Berge und Ströme verschmelzen in einem kleinen Tiegel
Die Augenbrauen des weißhaarigen Laozi hängen herab zur Erde
Und der blauäugige fremde Mönch hält den Himmel mit seinen Händen.
Indem du das Geheimnis betrachtest, verstehst du das Geheimnis.
Außerhalb von diesem Geheimnis existiert kein weiteres Geheimnis.
Aus dem Neijingtu, die Textpassage 45, auf die der pflügende Eisenochse direkt zuläuft.
Für einen modernen Physiker, oder wahrscheinlich besser Astrophysiker, da kenne ich mich nicht so aus, ist es keine Frage, dass das ganze Universum einmal auf einen einzigen Punkt konzentriert war, von wo aus dann per big bang alles auseinander flog und zu dem wurde, was wir heute als All wahrnehmen. Aber woher wusste das der Bursche, der uns das Neijingtu in den Stein graviert hat? Von ihm stammt jener Kommentar, der in der Fortsetzung davon erzählt, alles sei bisher geheim gehalten worden, weil es genug Deppen auf der Welt gebe, die es garantiert missverstehen. Recht hat er. Nichts ist einfacher und wird lieber getan, als sich in die Tasche zu lügen. "Ich kann das, ich weiß das, ich versteh das." Und wenn ich den ersten Schritt nicht verstanden habe, dann versuch ich es eben mit dem zweiten oder dritten. Ja wie blöd kann man denn sein. Das Schlimmste aber sind jene, die meinen etwas zu wissen und davon überzeugt sind, der Welt damit einen Dienst zu erweisen, dieses Missverständnis zu verbreiten. Für Geld.

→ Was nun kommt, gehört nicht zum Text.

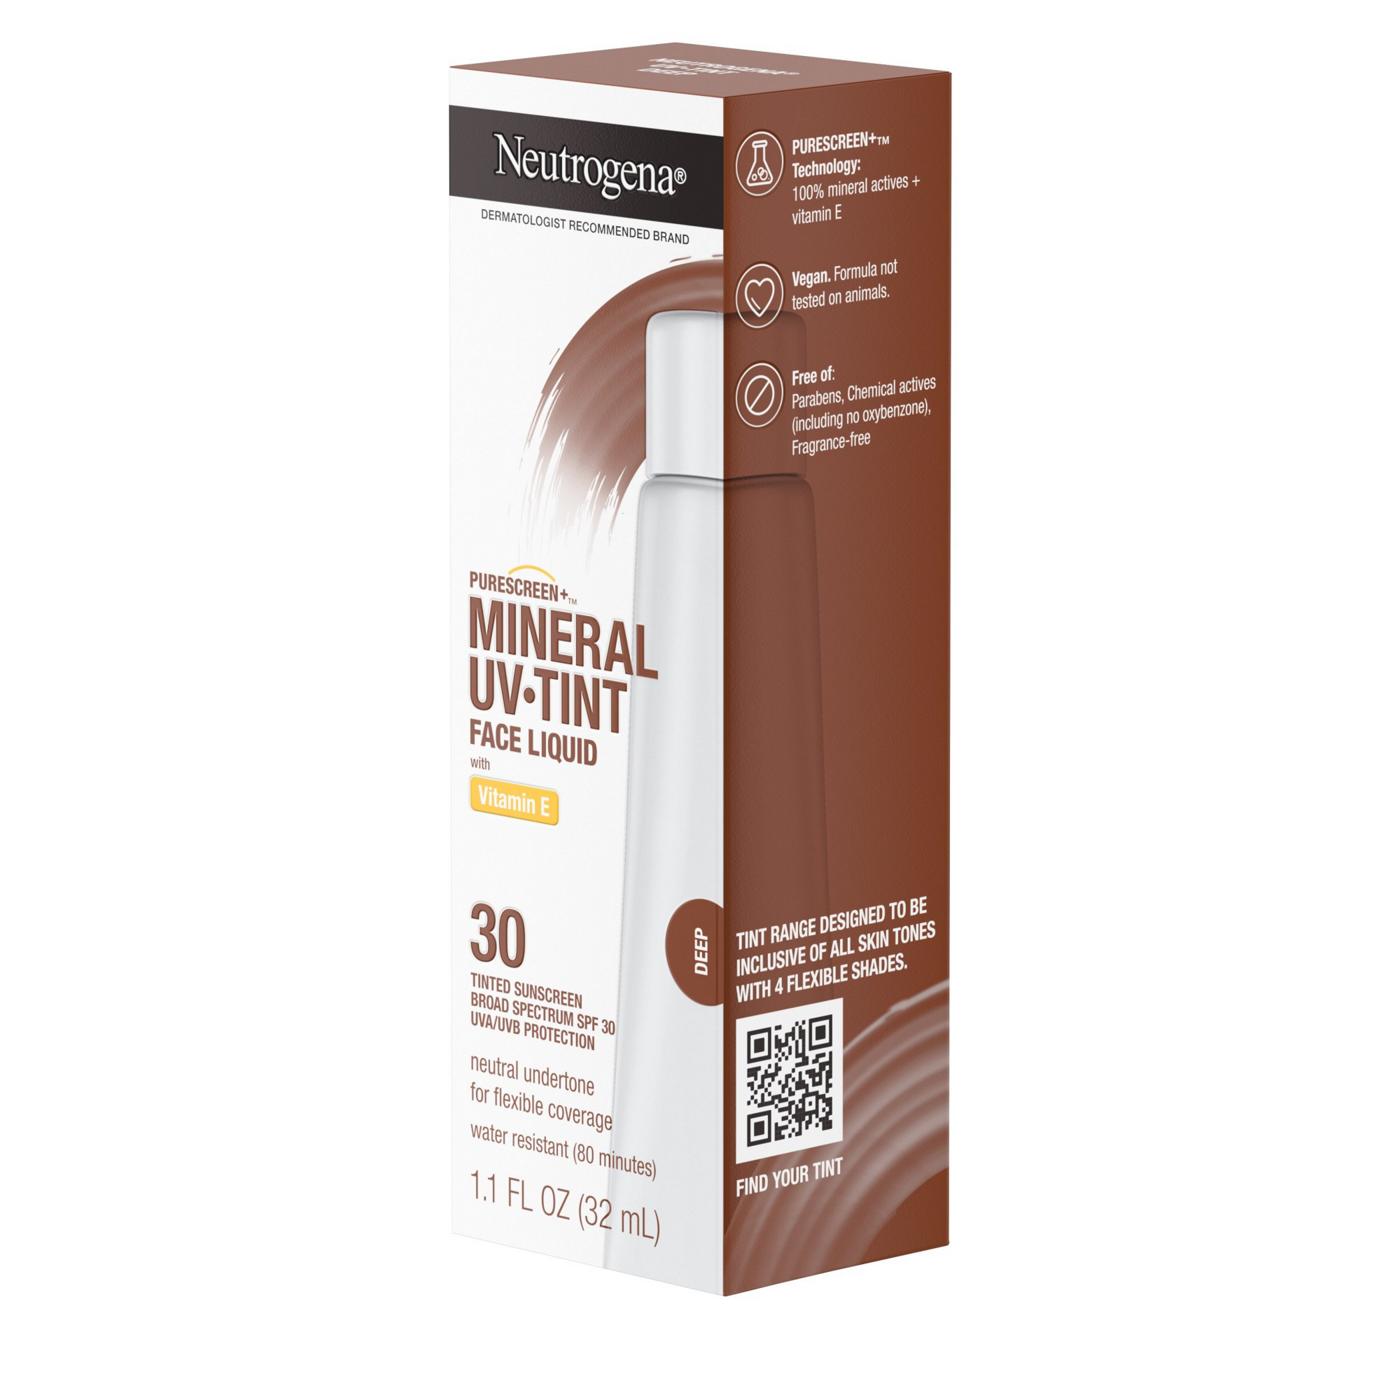 Neutrogena Purescreen+ Mineral Uv Tint Face Liquid With Vitamin E, Tinted Sunscreen Broad Spectrum SPF 30, Deep; image 3 of 8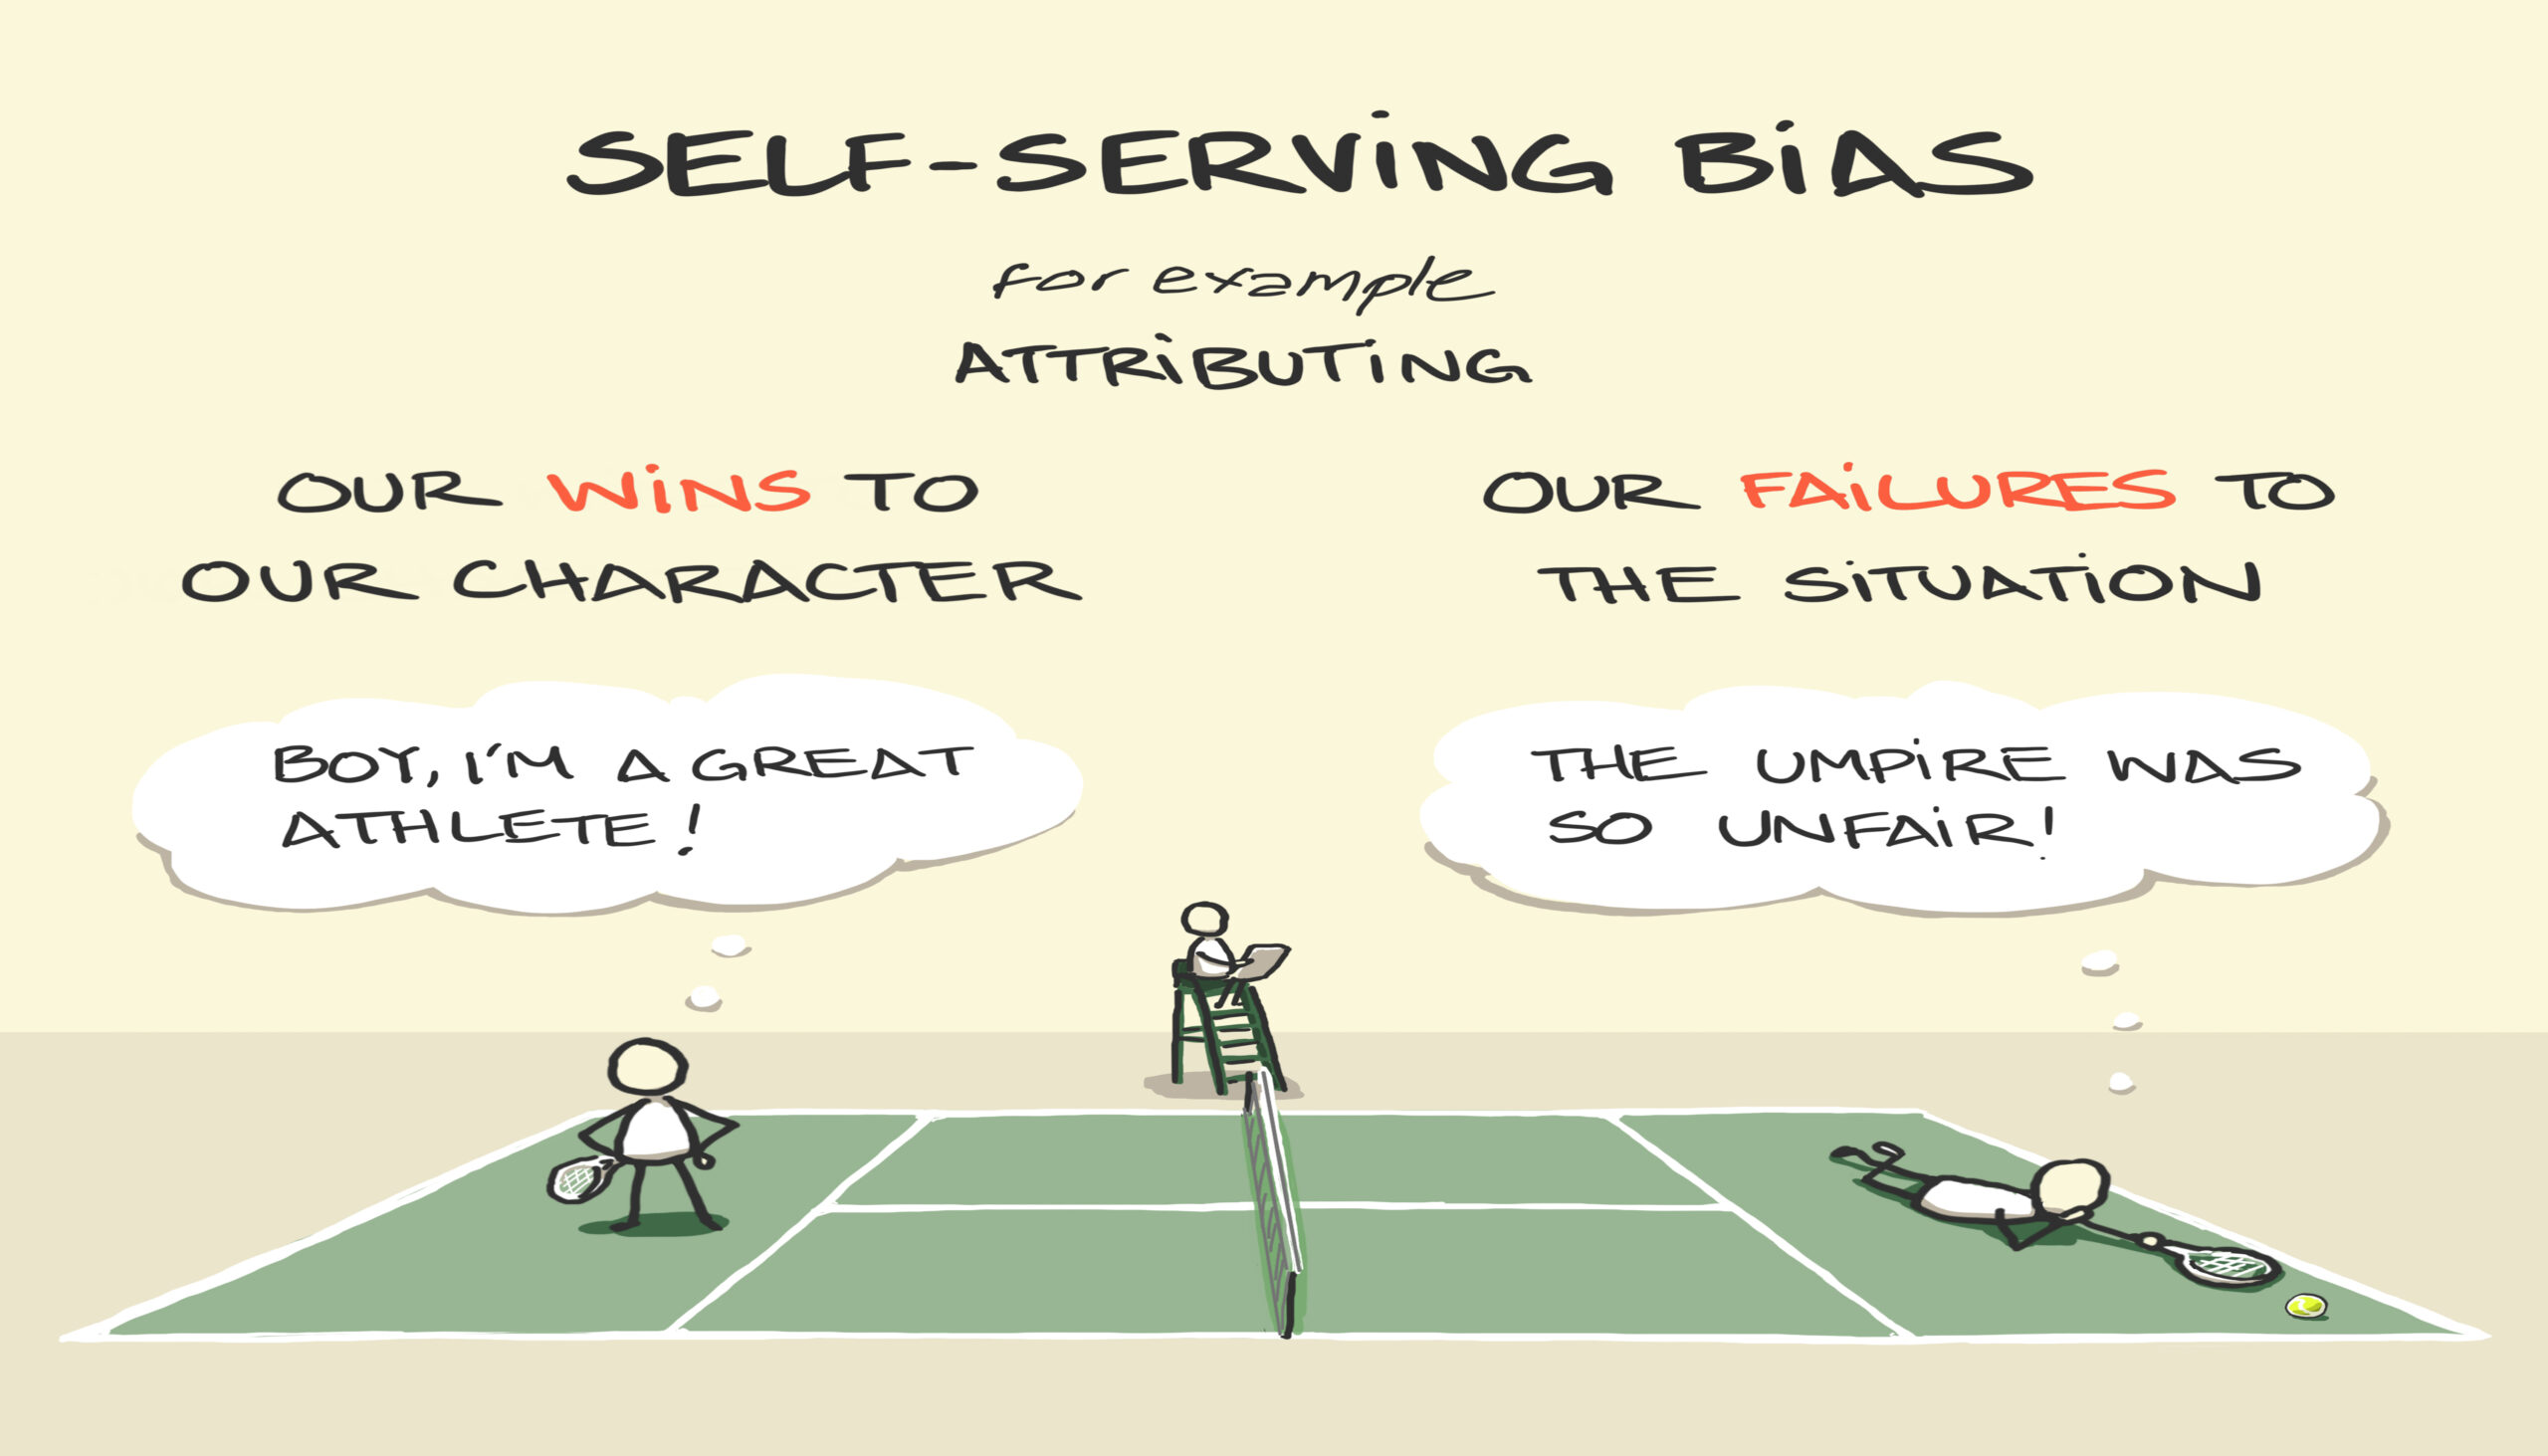 Self-Serving Bias illustrations

Es ist unverantwortlich, es ist ein Verbrechen, wenn Blinde die Blinden führen. Der Einäugige wäre ja noch ein König, auch wenn ihm der Sinn für's Räumliche fehlt.
Heute hatte ich ein Gespräch mit meinem Meister und er sagte mir, ich solle jetzt auch Dao lehren, nicht nur Formen. Gerne. Wir sprachen in dem Zusammenhang auch über die erste Zeile im Daodejing von Laozi. Da wurde mir klar, er interpretiert das ganz anders, als wir es aus den Übersetzungen kennen. Da hat Richard Wilhelm, der protestantische Missionar und Goethe-Fan (nix gegen Goethe) auch wieder ein Ei gelegt, und alle anderen gackern mit.
道可道﹐非常道
dao ke dao, fei chang dao
Der SINN, der sich aussprechen läßt, ist nicht der ewige SINN. (R.Wilhelm)
Da muss man schon tief graben, um Dao auch die Bedeutung "reden, sprechen" zu entlocken. und "fei chang dao" das heißt aussergewöhnliches dao oder aussergewöhnlicher Weg. Für meinen Meister bedeutet es aber, das Dao und das wirkliche Dao sind zwei verschiedene. Er meint damit, es gibt das Dao der Leere und das Dao der Fülle. Das Dao der Leere ist vorher und darin entsteht das Dao der Wirkungen. Das ist die Welt in der wir leben. Yin und Yang, Xian Tian und Hou Tian.
Mein Meister ist ein aussergewöhnlicher Meister.